* _PROMPT_:
Below is a listing to repeat exactly, with its pictures left out.

* _DATA BELOW_:
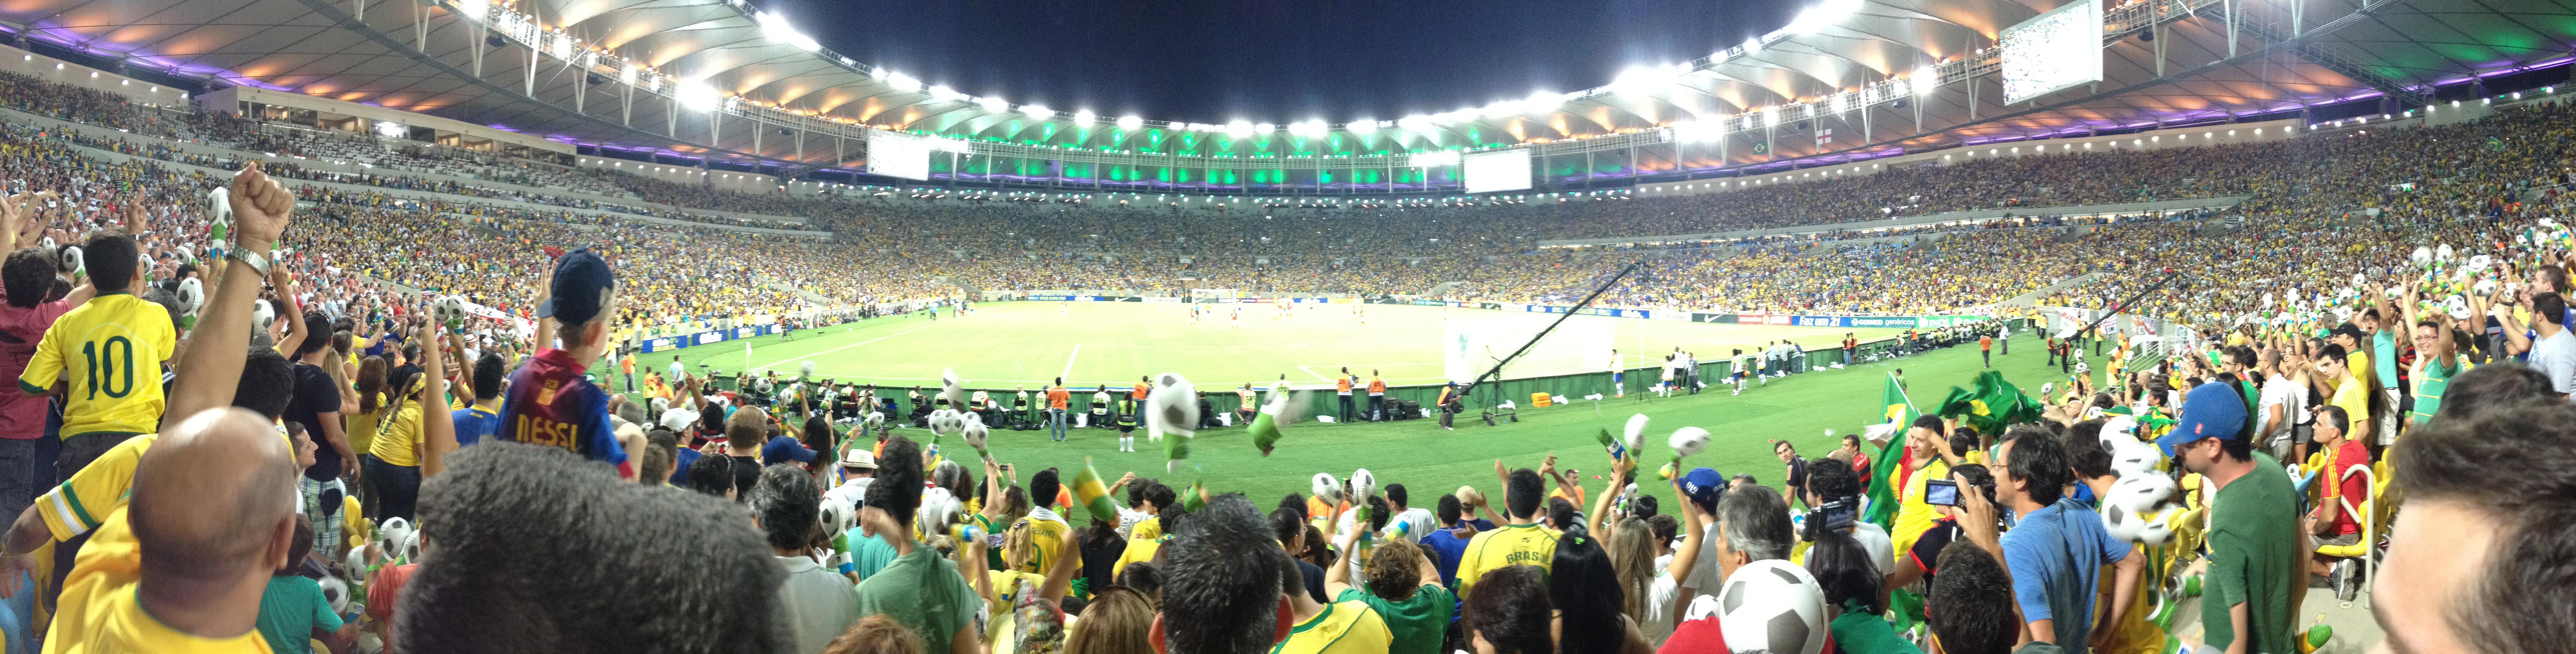 England v Brazil in Rio - Estádio do Maracanã
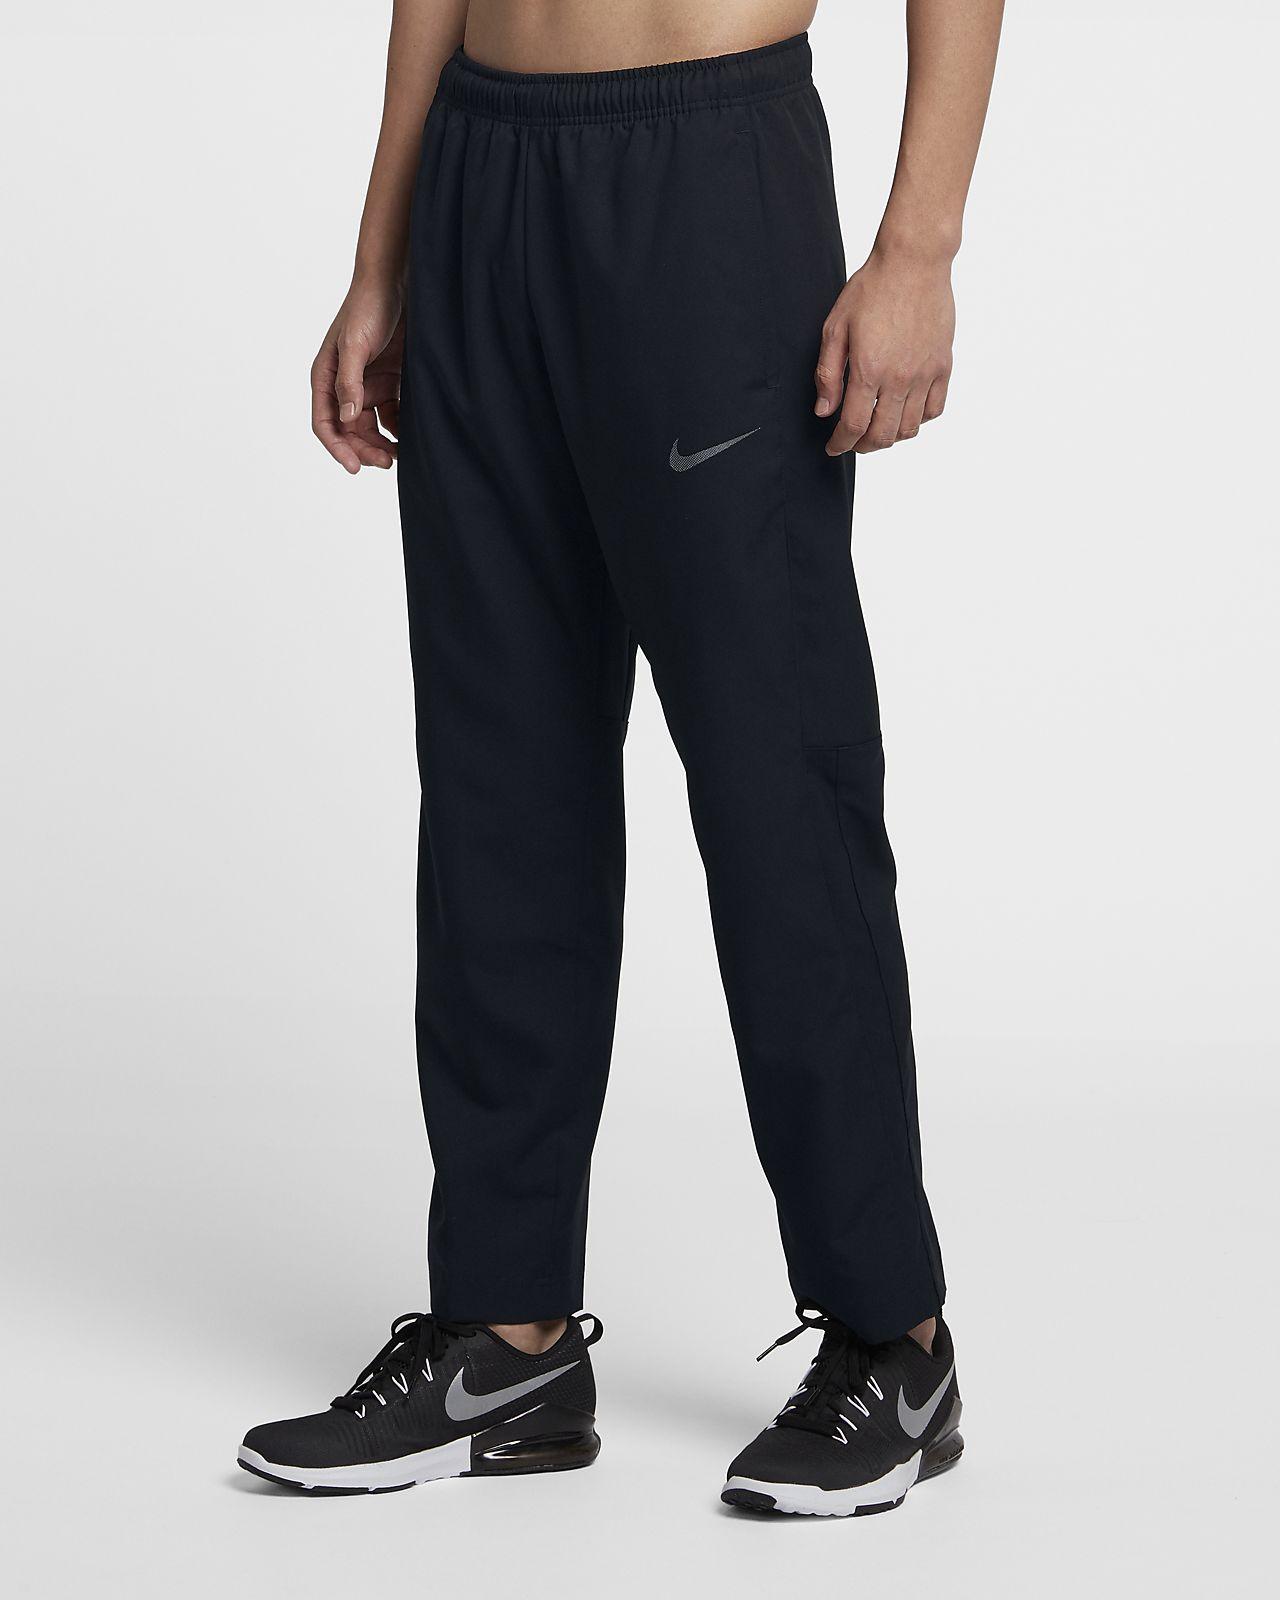 Nike Dri-FIT Herren-Trainingshose
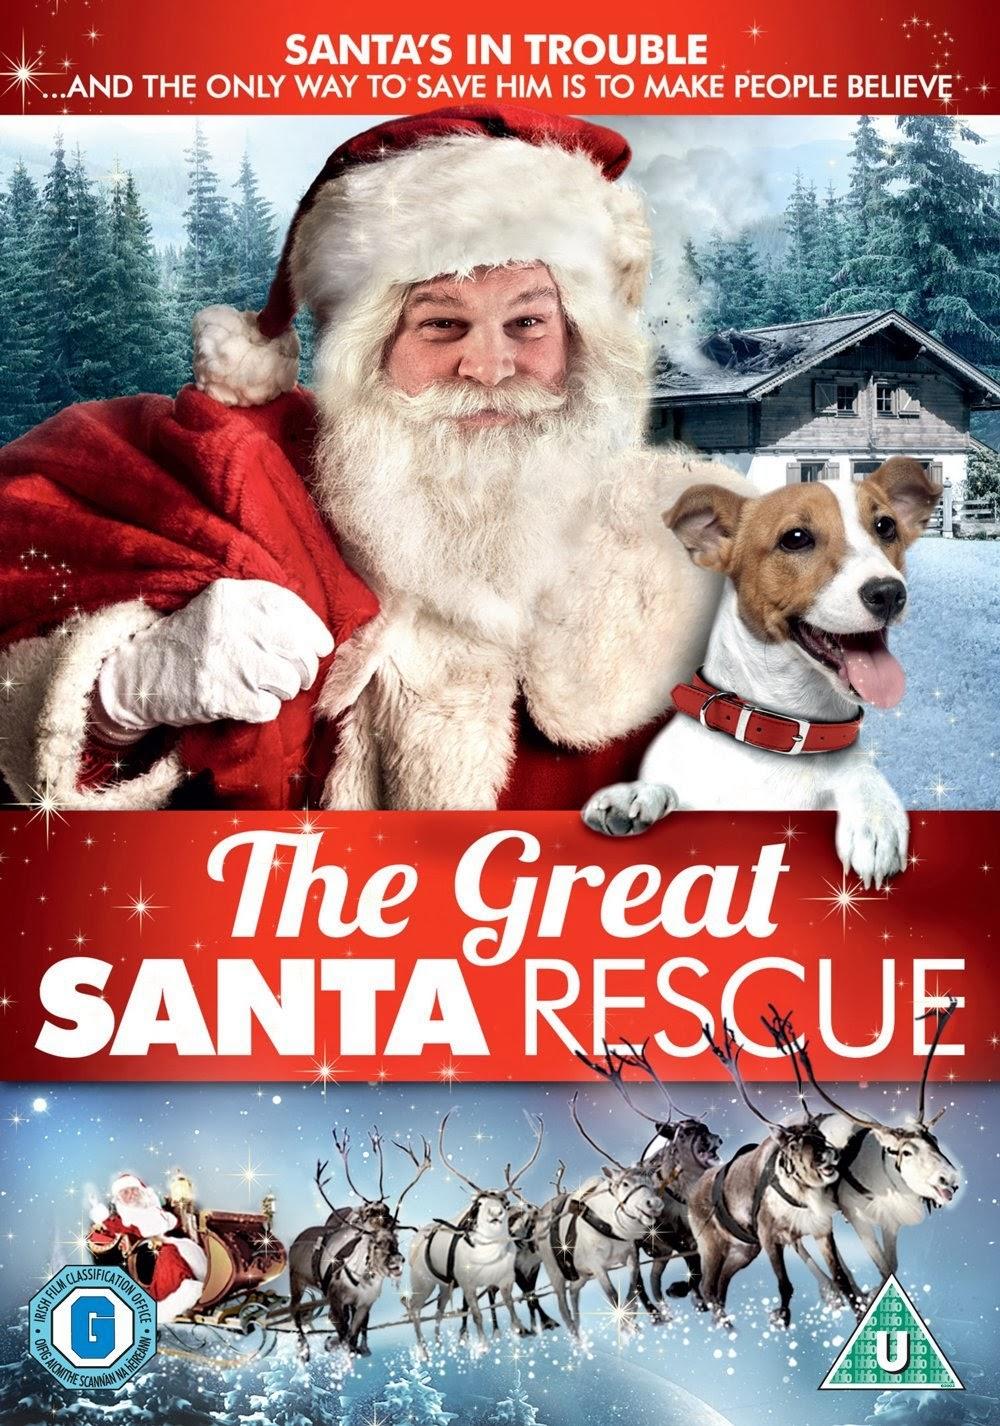 Curiosity Of A Social Misfit: The Great Santa Rescue Pre-Release DVD ...

* _SOLUTION_:
 England v Brazil in Rio - Estádio do Maracanã
 Nike Dri-FIT Herren-Trainingshose
 Curiosity Of A Social Misfit: The Great Santa Rescue Pre-Release DVD ...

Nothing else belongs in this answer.